Given records:
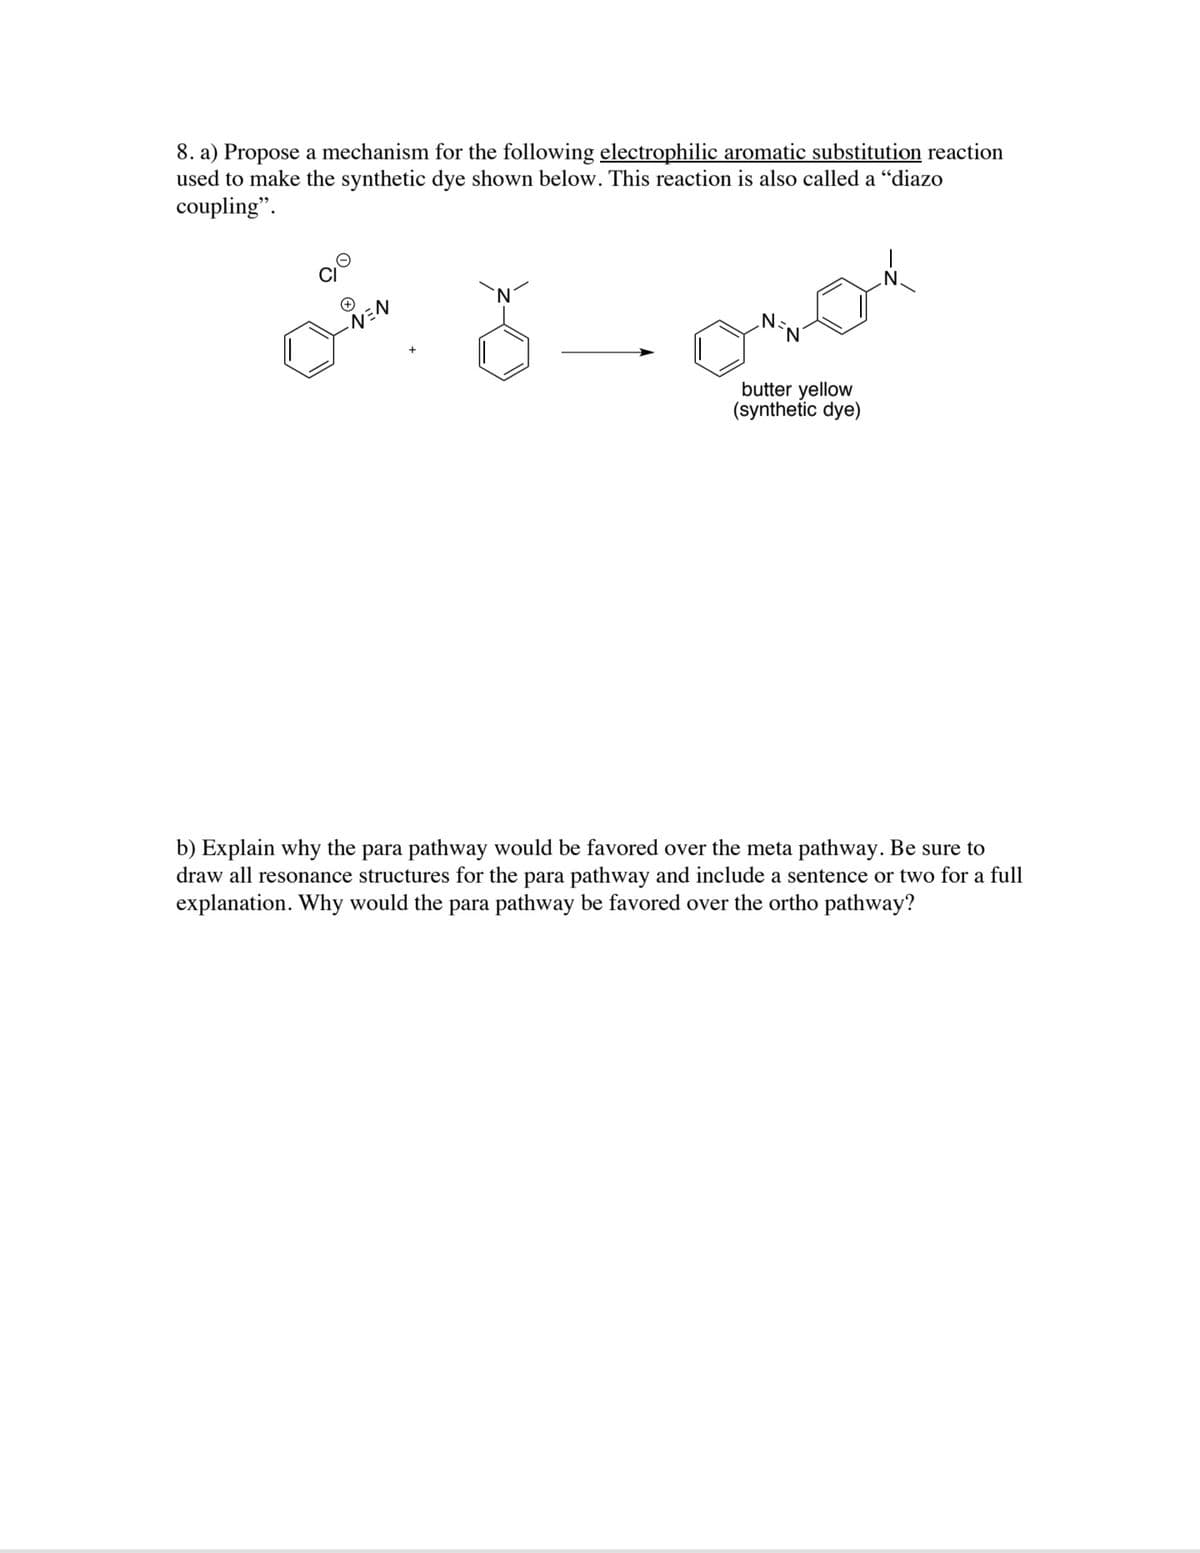 8. a) Propose a mechanism for the following electrophilic aromatic substitution reaction
used to make the synthetic dye shown below. This reaction is also called a "diazo
coupling".
butter yellow
(synthetic dye)
b) Explain why the para pathway would be favored over the meta pathway. Be sure to
draw all resonance structures for the para pathway and include a sentence or two for a full
explanation. Why would the para pathway be favored over the ortho pathway?

Your assignment:
Return a copy of each line in the entries that carries the string "para".

Exercise response:
b) Explain why the para pathway would be favored over the meta pathway. Be sure to
draw all resonance structures for the para pathway and include a sentence or two for a full
explanation. Why would the para pathway be favored over the ortho pathway?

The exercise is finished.